2. Publish and freeze a v1 Master Property Schema before writing more view code. Include the entity discriminator (type:), versioned schema_version, and the crosswalk-edge-as-note convention. Trigger to revisit: major framework additions (e.g., adopting OSCAL) — bump to schema_version: 2 and ship a SchemaMigrator.

3. Model crosswalk mappings as their own notes, not as link-attached metadata. This is a reversal of the original Crosswalker README sketch, but it is the only way to get many-to-many edges into a Bases-native query model and aligns with how TaskNotes models task↔project relationships. Trigger to revisit: if Obsidian ever ships first-class typed links with queryable attributes (long-standing forum #6994), reconsider.

4. Register 3–5 custom Bases view types, not one. Start with crosswalkerCrosswalkTable, crosswalkerCoverageMatrix, crosswalkerEvidenceMap. Ship default .base files via a “Create default Crosswalker views” command, and let users edit them.

5. Mirror TaskNotes’ v3→v4 reduction discipline. Every time you find yourself implementing a filter UI, ask: “could this be a .base file the user edits?” Default to yes. Preserve the write-path service layer (CrosswalkService, FieldMapper) — that is not what Bases replaces.

6. Stand up an HTTP API + webhook surface early (TaskNotes pattern), even if minimal. This forces the Repository abstraction to be real and unblocks AI-agent / external-GRC-tool integration — directly aligned with the Cybersader project’s “Obsidian as full GRC database” thesis.

7. Document escape hatches. A docs/queries-bases-cant-do.md that lists the queries the Repository handles instead. This both manages user expectations and serves as the spec for the inevitable Datacore/DuckDB-WASM evaluation.

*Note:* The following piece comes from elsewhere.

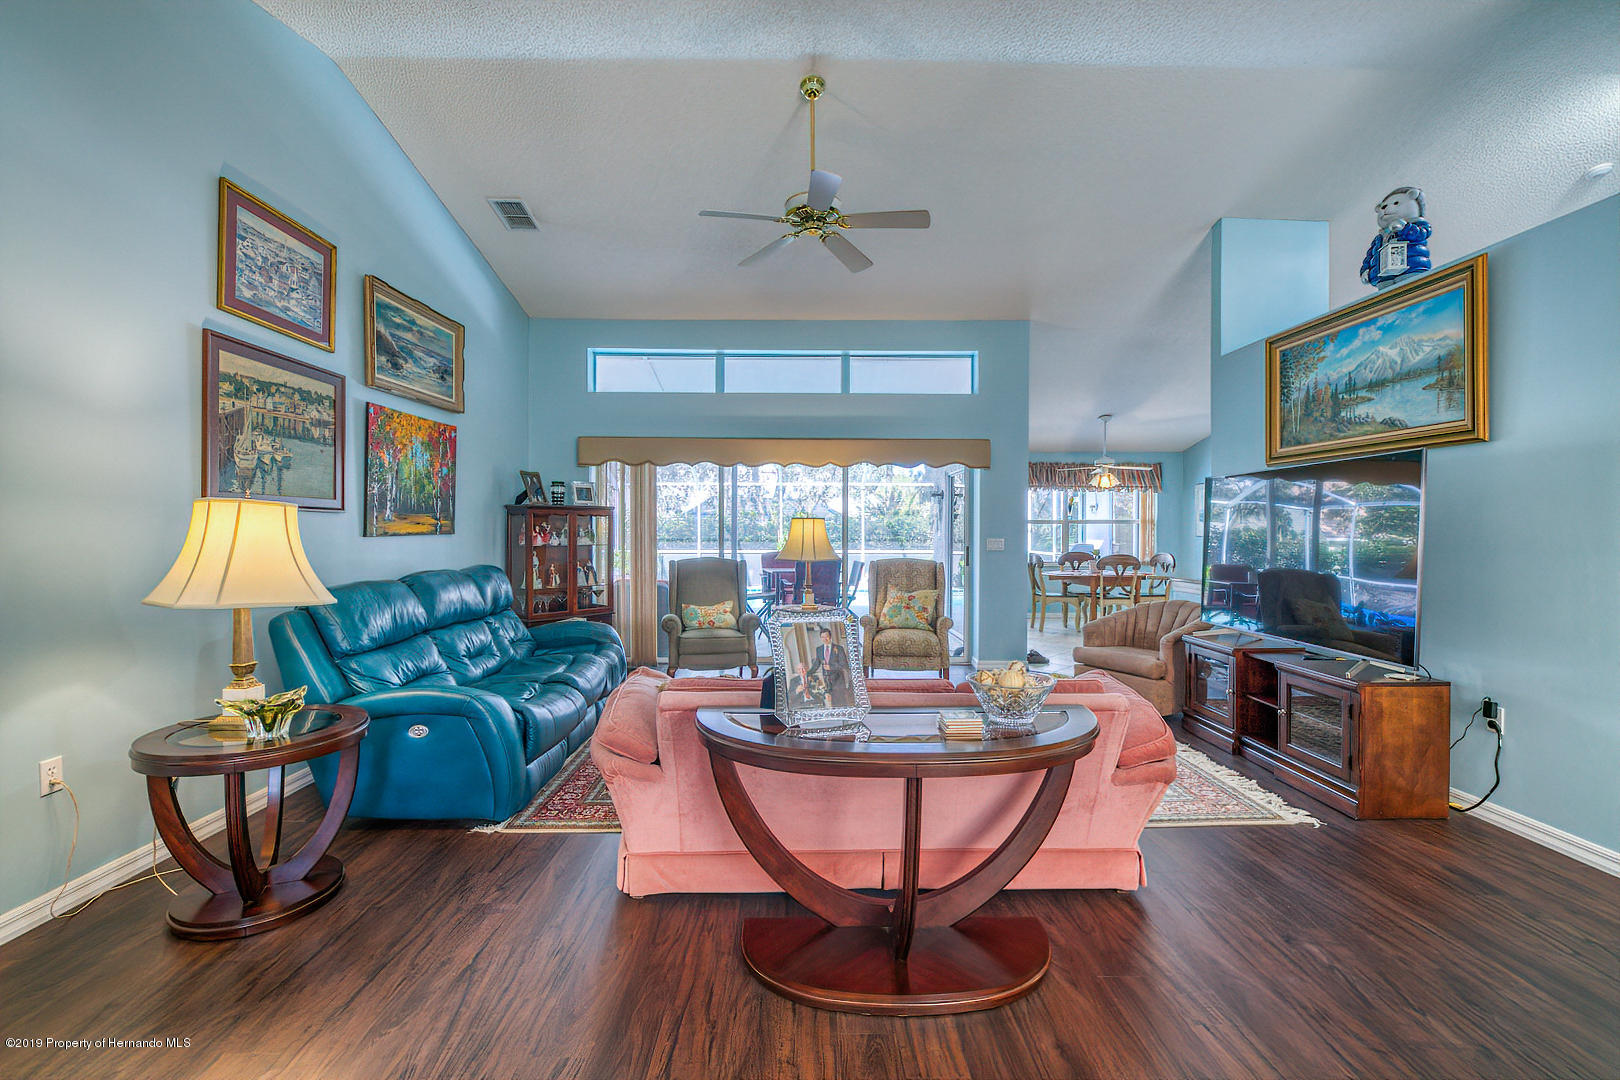 4535 Breakwater Boulevard, Spring Hill, Florida 34607, 3 Bedrooms Bedrooms, ,2 BathroomsBathrooms,Residential,For Sale,Breakwater,2203787
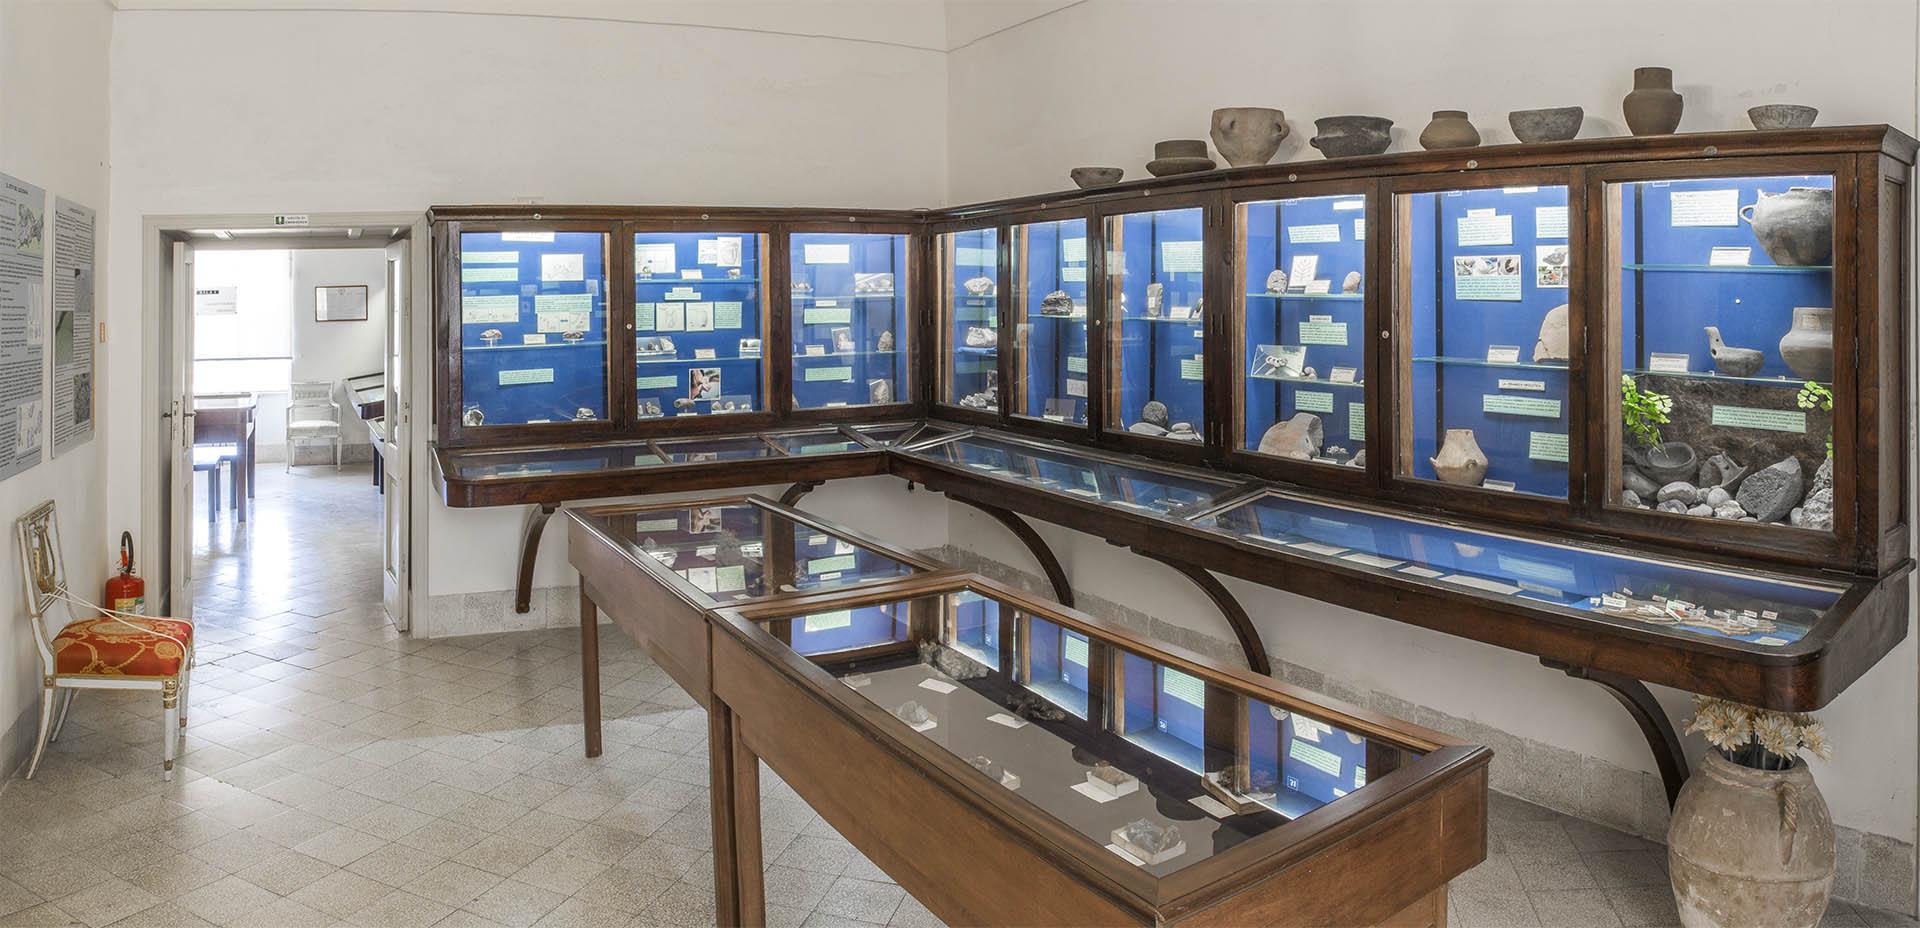 The Prehistory and Protohistory Hall - Ignazio Cerio Museum Capri

8. Set explicit performance budgets: views <200 ms first paint up to 5k entries; virtual-scroll above that; treat any vault with >50k notes as the threshold to test alternative backends. (TaskNotes proved 30k is fine on Bases with virtual scrolling.)

Caveats

• The primary source URL (cybersader.github.io/crosswalker/agent-context/zz-challenges/27-bases-query-layer-architecture/) was not retrievable during this research — the static-site host returned permission errors to both web_fetch and was absent from search indexes. The challenge’s exact prompt, constraints, and any acceptance criteria the author specified are therefore not quoted. The analysis is reconstructed from: (a) the Crosswalker project description in cybersader/awesome-obsidian-and-cyber, (b) the closely related cybersader.github.io/tasknotes/ documentation site (which the author maintains), (c) the TaskNotes v3→v4 architecture migration as an in-house precedent, and (d) the public Obsidian Bases API surface.
• Bases is a moving target. Statements about its API (no public results API, no plugin-extensible functions) reflect the state as of late 2025 / Obsidian 1.10–1.12. The two Obsidian-forum feature requests cited (#109612, #110660) are open, not shipped — treat any architecture that depends on them as speculative.
• TaskNotes’ “delete thousands of lines” claim is the developer’s own framing in the 4.0.1 release notes; it is consistent with the visible diff (FilterBar removed, FilterService shrunk) but is a self-report, not an independent measurement.
• “Crosswalker” is a name shared by at least three projects (Cybersader’s Obsidian tool, Washington Post’s text-join utility, and Crosswalkersam’s RF hardware repo). Sources here have been filtered to the Cybersader project; do not conflate with the WaPo tool, which is a single-purpose CSV-matcher and architecturally unrelated.
• The recommendation to model crosswalks as edge-notes contradicts the original Crosswalker README sketch (which proposed link-attached metadata like framework_here:: [CIS 1.1](...) {...}). This is a deliberate, opinionated reversal grounded in what Bases can actually query; reasonable people could disagree, especially if Obsidian ships typed-link metadata.
• No code from the Crosswalker repository itself was inspected in this research — only its README descriptions in adjacent repos. If the codebase already commits to a different architecture (e.g., a Datacore-style engine), Stage 0–1 of the migration plan should be re-scoped to “absorb existing services into the Repository port” rather than greenfield.